*Your goal*
Take the line containing "گیاهان دارویی مفید" and every line after it to the end of the material below; reproduce them exactly, without pictures.

Collected data: Begin

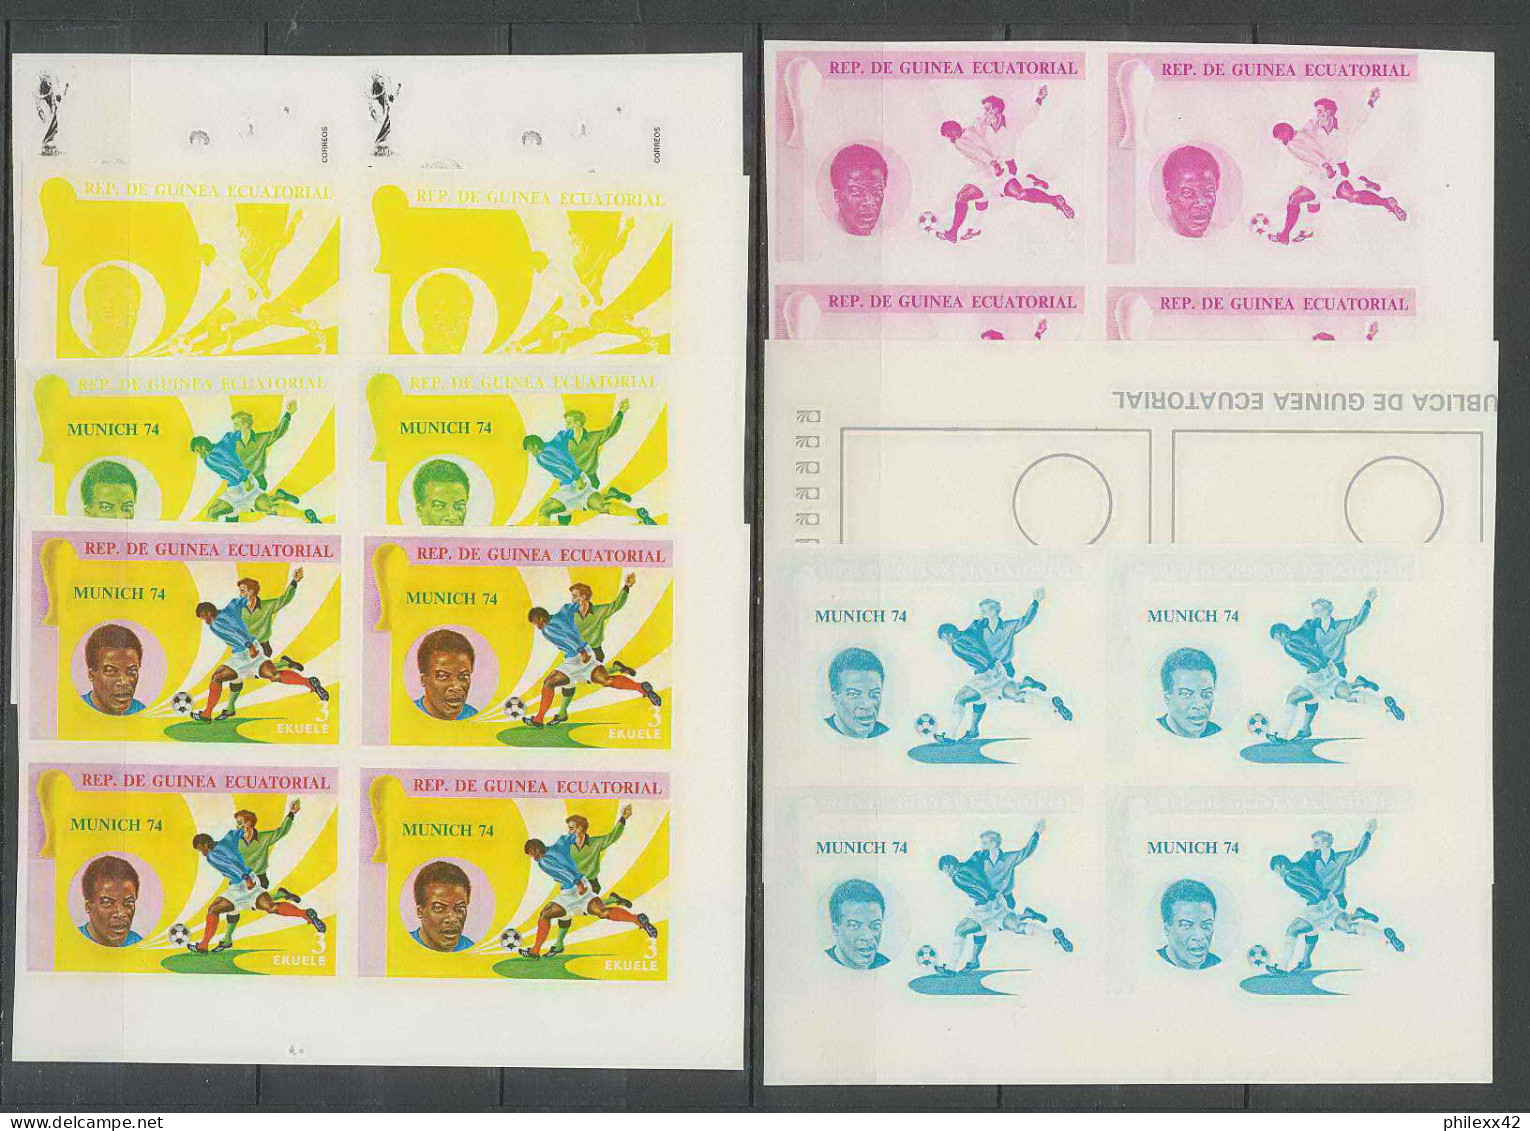 Guinée équatoriale guinea 423c N°371/379 Football Soccer Essai proof Non dentelé imperf orate Bloc 4 252 timbres
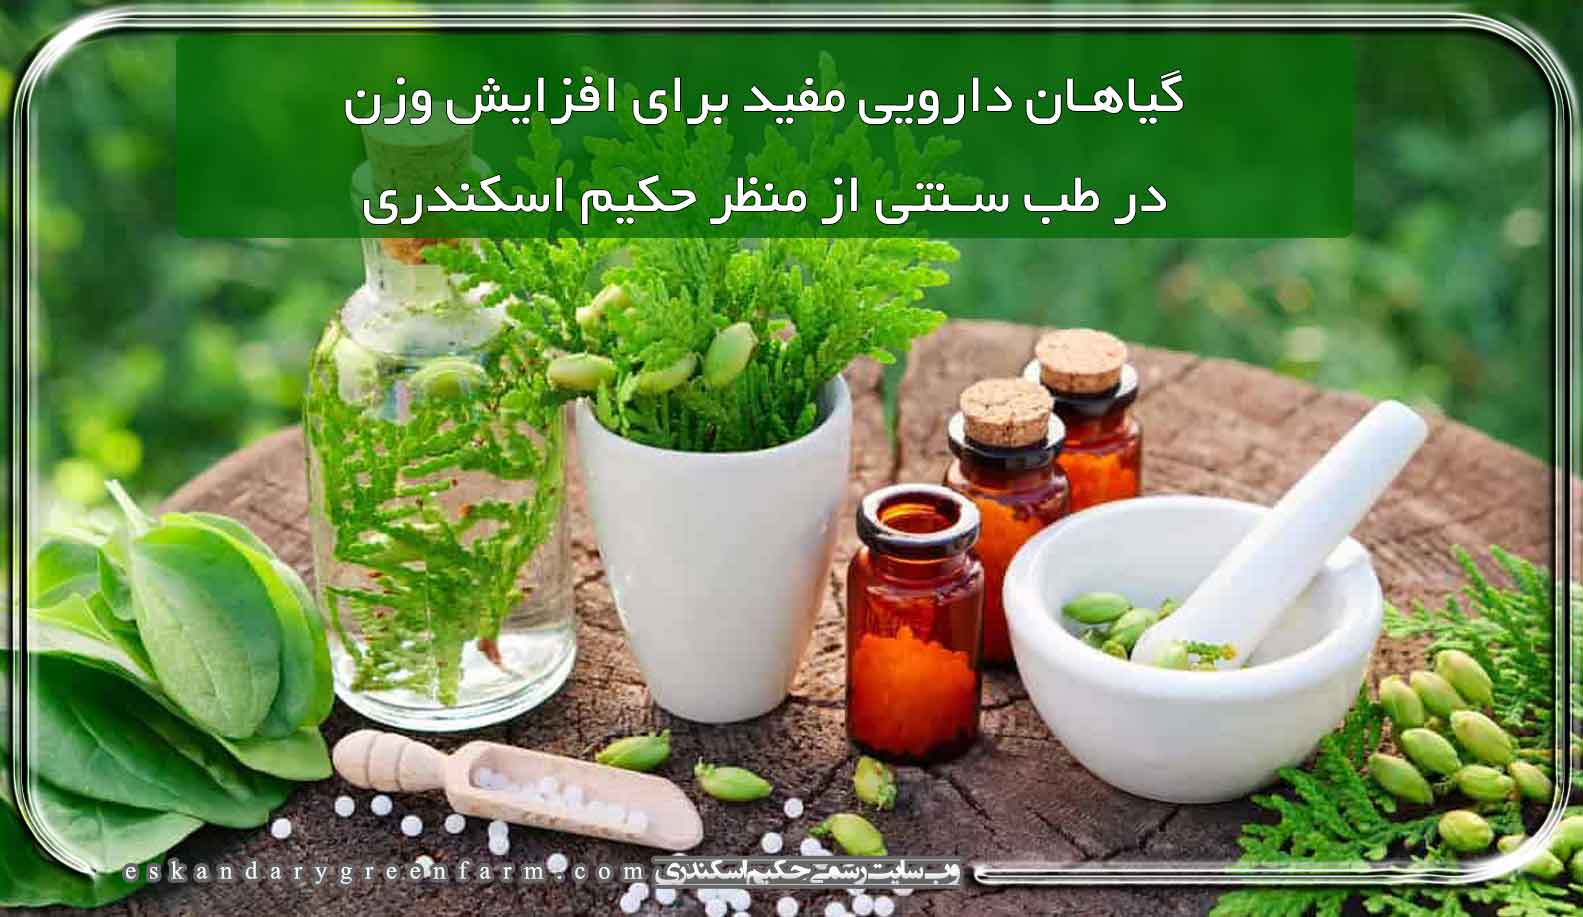 گیاهان دارویی مفید برای افزایش وزن از منظر حکیم اسکندری
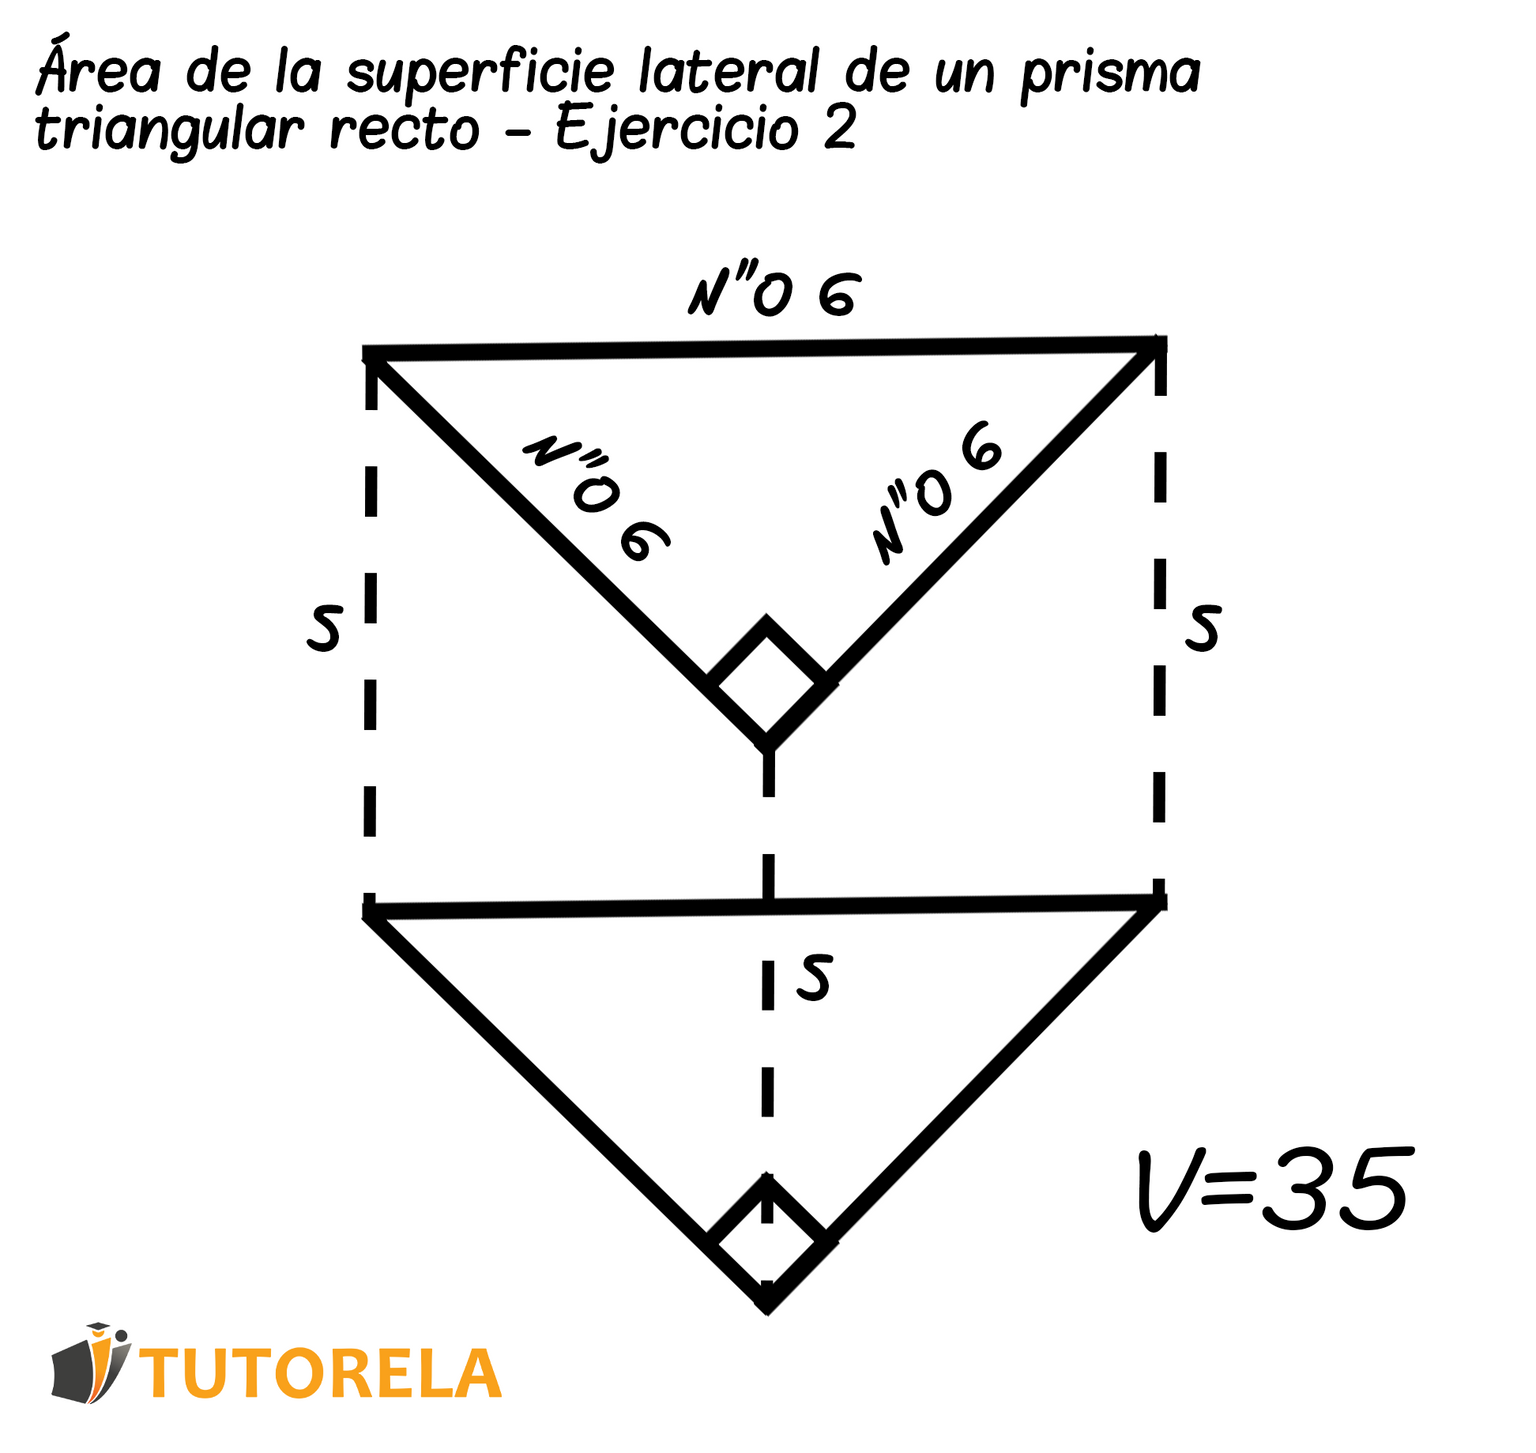 Un prisma triangular recto - Ejercicio 02

Collected data: End

*Exercise output*
 گیاهان دارویی مفید برای افزایش وزن از منظر حکیم اسکندری
 Un prisma triangular recto - Ejercicio 02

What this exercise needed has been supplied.